- Born: 17 March 1926
- Died: 5 September 2022 (aged 96)
- Occupations: Playwright; novelist;
- Writing career
- Genre: Poetry

= Patricia Burke Brogan =

Irish writer (1926–2022)

Patricia Burke Brogan (17 March 1926 – 5 September 2022) was an Irish playwright, novelist, poet and artist.

== Biography ==
After moving to Galway from County Clare aged two, Patricia Burke Brogan grew up surrounded by books and music. Her father was a huge influence on her childhood and she began reading and 'scribbling' at a young age. As Patricia grew up, her interest in art, music and writing continued and, despite being told she should focus on one area, she refused to choose between her great loves, as they "expressed different sides" of her. She kept this ethos throughout the years and divided her time between her writing and visual art. It was Patricia's first play, Eclipsed that would mark the start of an illustrious career.

Eclipsed was one of the first plays to tell the story of the Magdalene Laundries and was inspired by Patricia's experiences as a young novitiate.
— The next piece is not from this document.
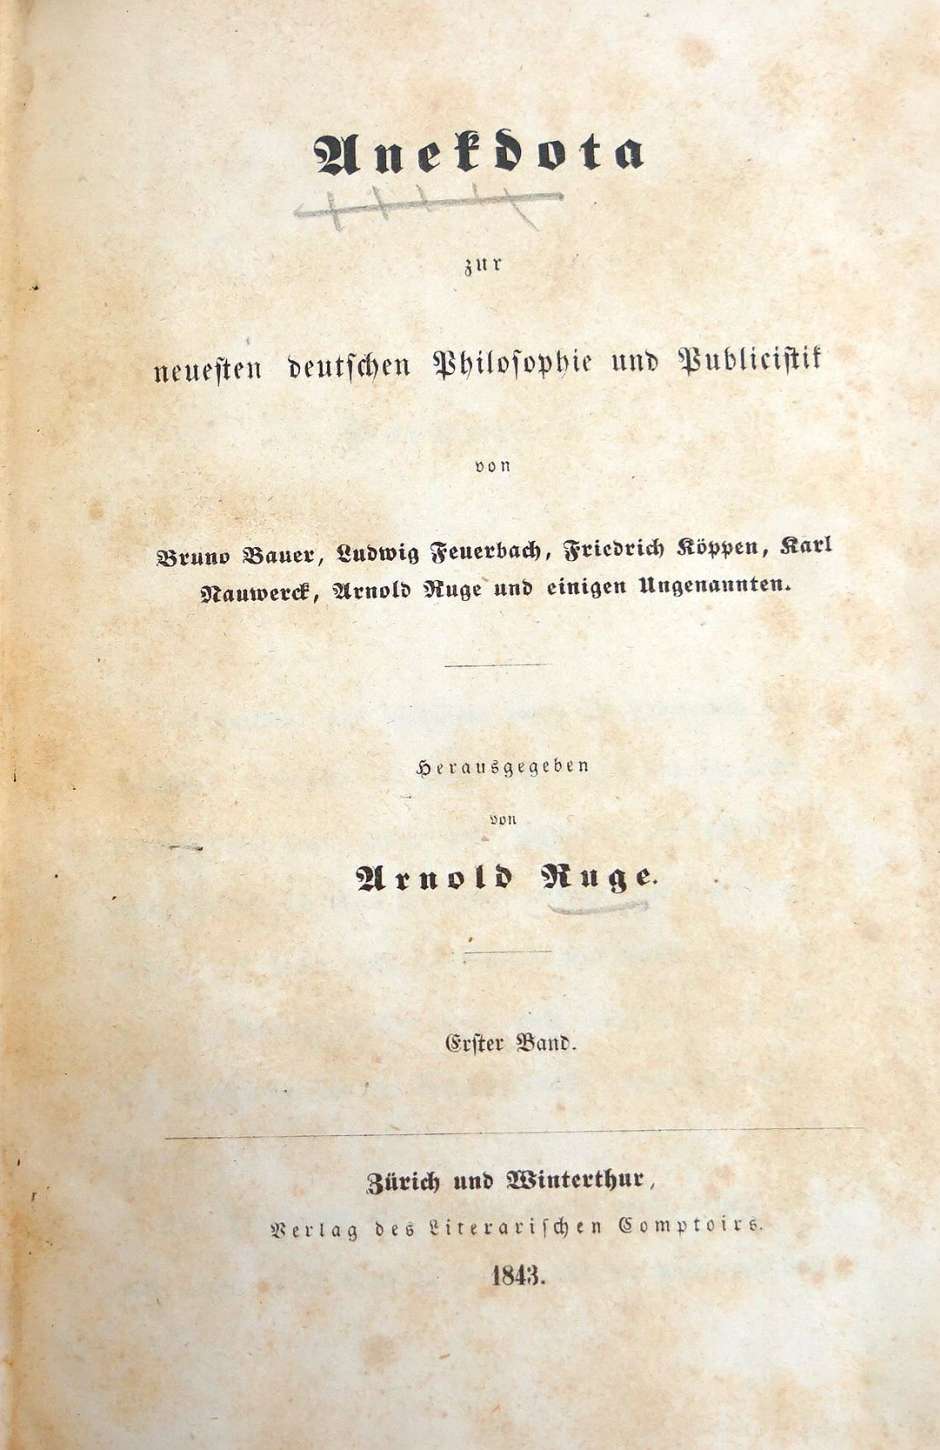 Lot 2147, Auction  115, Ruge, Arnold, Anekdota zur neuesten deutschen Philosophie und Publicistik

After seeing the horrendous goings on, Patricia decided that becoming a nun was not for her. Instead she decided to highlight the plight of these women in her writing.

The play won numerous awards, including a Fringe First at Edinburgh Theatre Festival in 1992, and the United States Moss Hart Award in 1994. To date, there have been 61 productions of Eclipsed on three continents, but the controversial work was not always so well received, being initially rejected by all of the main theatre companies, who said it was too controversial. To overcome this, a small company called Punchbag agreed to do it in 1992. She received some personal attacks for its production.

... there was some backlash and I really suffered with that play. I had someone cut my picture out of the paper and draw horns and different symbols on it and send it to me. I got up one morning and this had been thrown in the door, which was very upsetting and hard to handle. People thought I was being anti-Church but I wasn't. Everyone blamed the sisters, but the State did nothing to intervene.

Burke Brogan wrote two more plays, Requiem of Love and Stained Glass at Samhain (2002), and has also released a number of poetry collections. Her latest work, Décollage New and Selected Poems, was launched in October 2008 at the Galway City Museum. Requiem of Love, Stained Glass at Samhain, Décollage New and Selected Poems, and Eclipsed are all published by Wordsonthestreet. Her play "Eclipsed" is a text on the Leaving Certificate English Syllabus in Ireland.

Her "Memoir with Grykes & Turloughs", also published by Wordsonthestreet, was launched by Sabina Higgins at Galway Education Centre in 2014. She was a founding member of Galway Writers' Workshop in 1981 and was a regular attender until 2014. She was also a frequent contributor of poetry and memoir to Crannóg literary magazine.

She was an accomplished visual artist, her artwork appearing on the covers of Crannóg magazine and on the cover of "Galway Then, Galway Now", an anthology published for Galway's 2020 designation as City of Culture. Patricia was awarded Freedom of the City of Galway in 2022.